▶ **Recorded data**
========

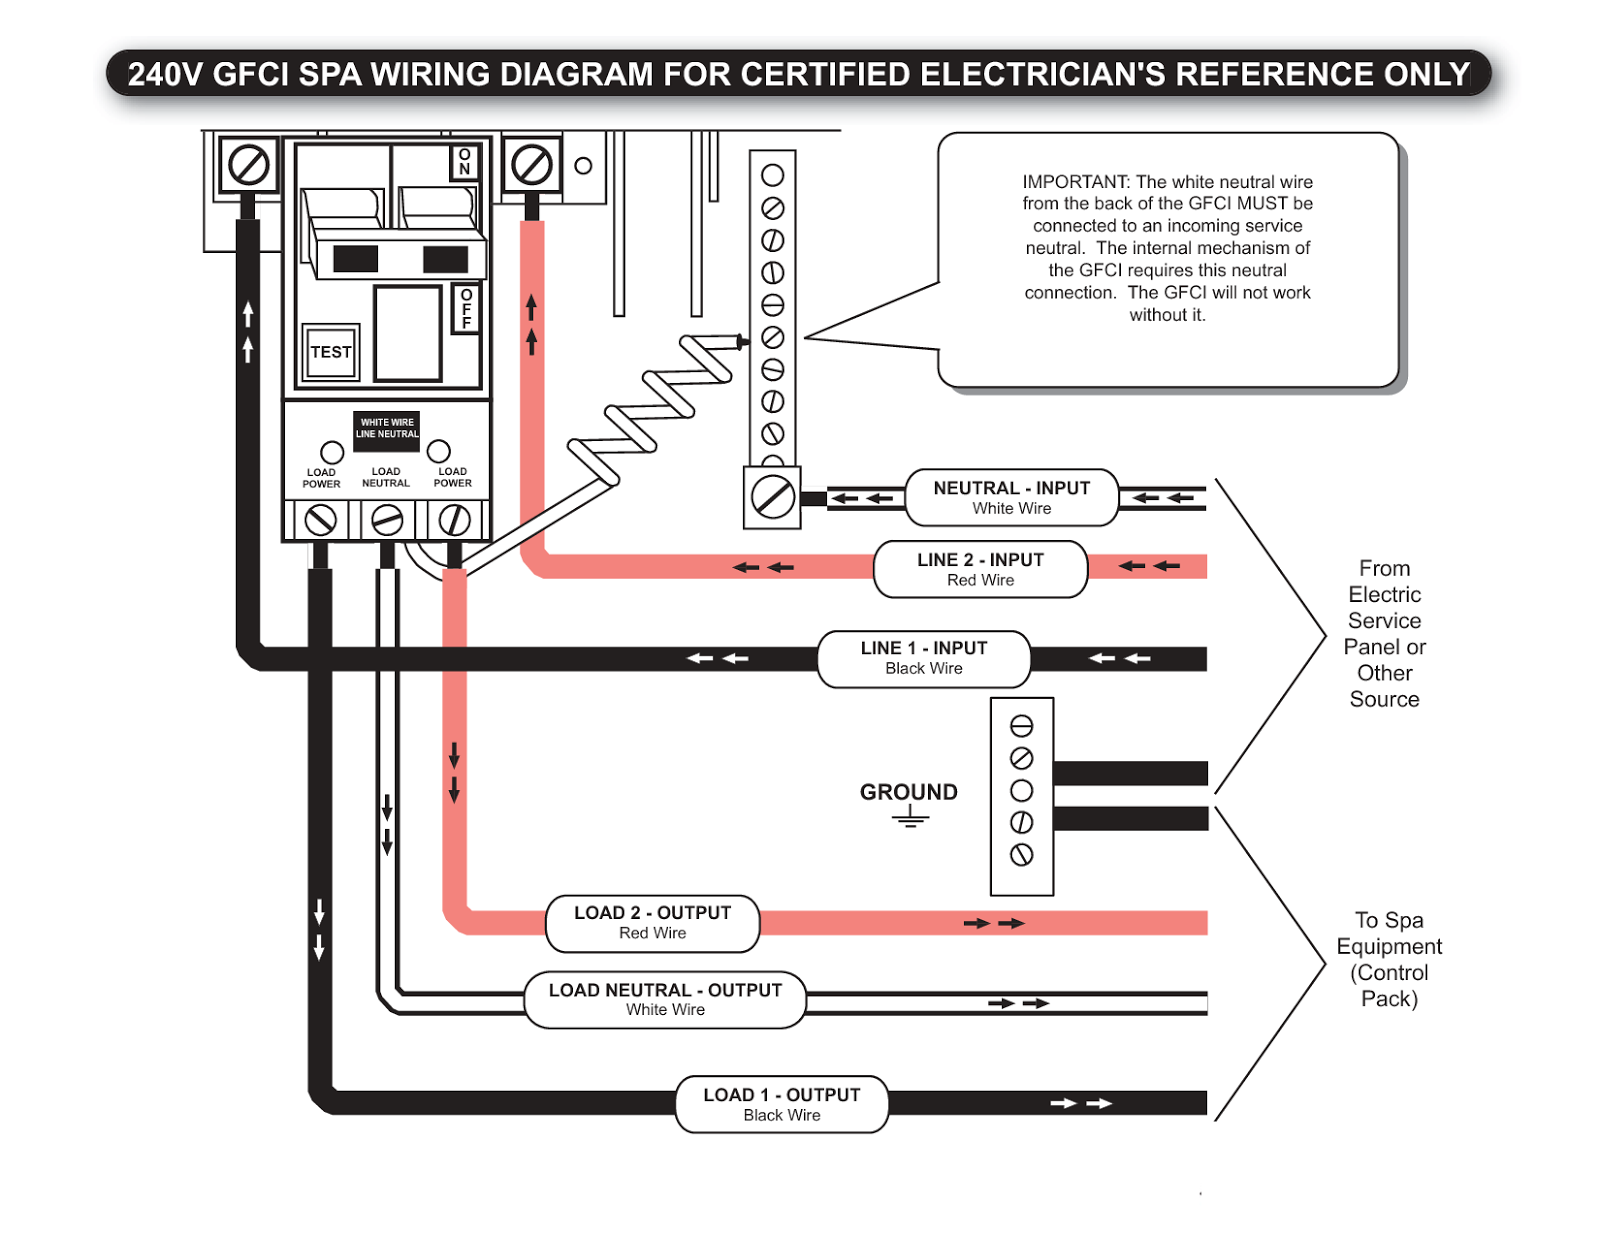 Electric Work: GFCI Wiring Diagram (240 Volt)
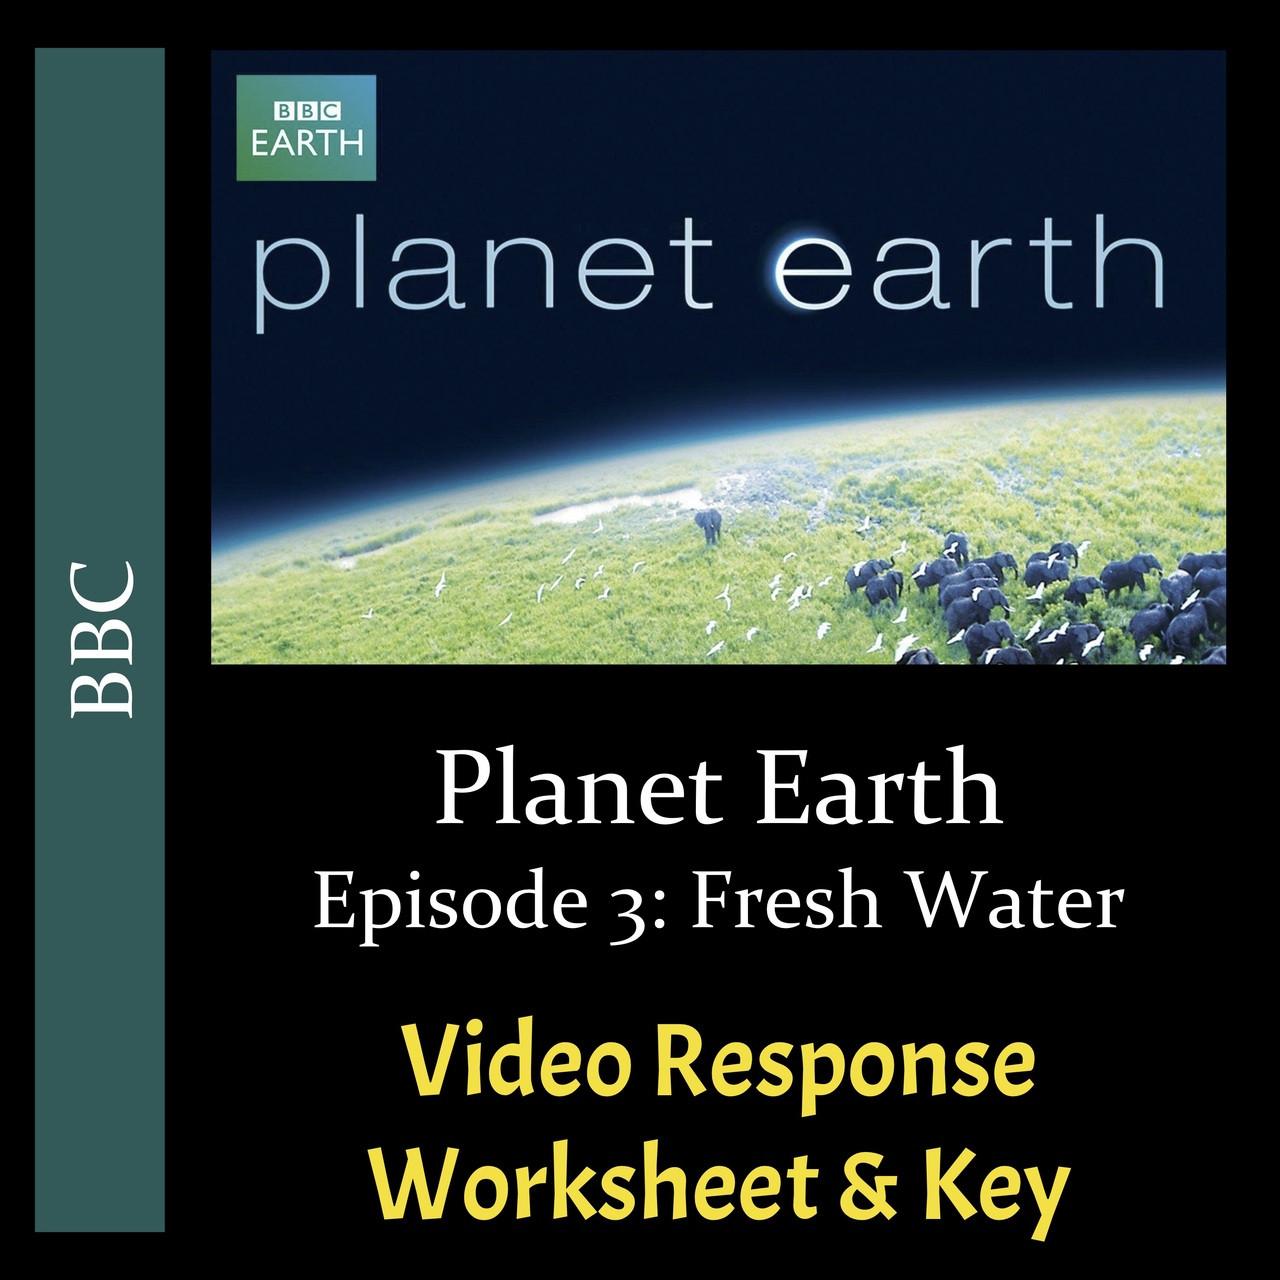 Planet Earth - Episode 3: Fresh Water - Video Response Worksheet & Key  (Editable)
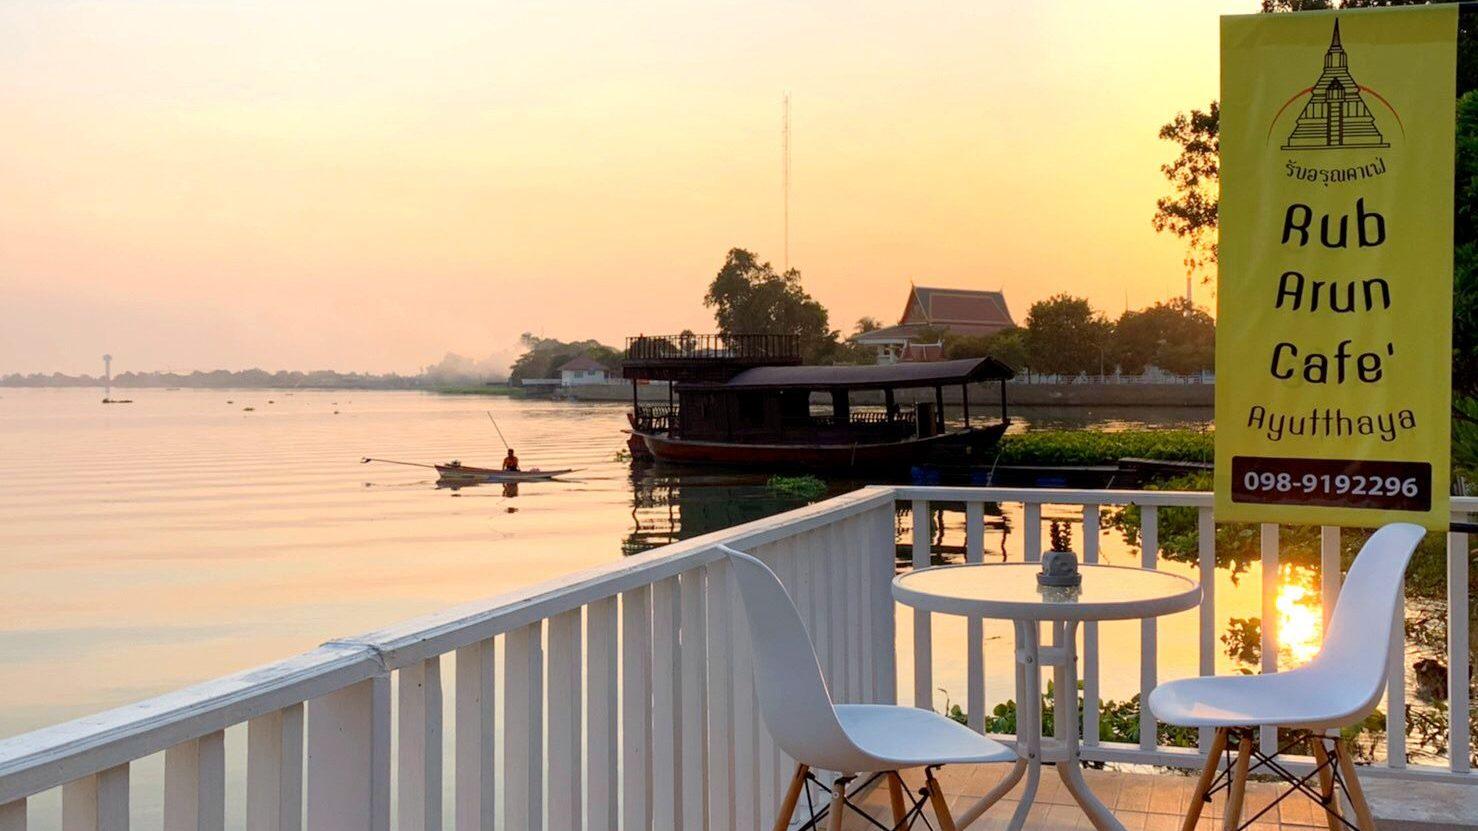 Rub-Arun-Cafe' Ayutthaya 003

========

All pictures should be dropped; the lines from the one containing "Planet Earth - Episode" through the last line of the material are to be set down exactly.

 Planet Earth - Episode 3: Fresh Water - Video Response Worksheet & Key  (Editable)
 Rub-Arun-Cafe' Ayutthaya 003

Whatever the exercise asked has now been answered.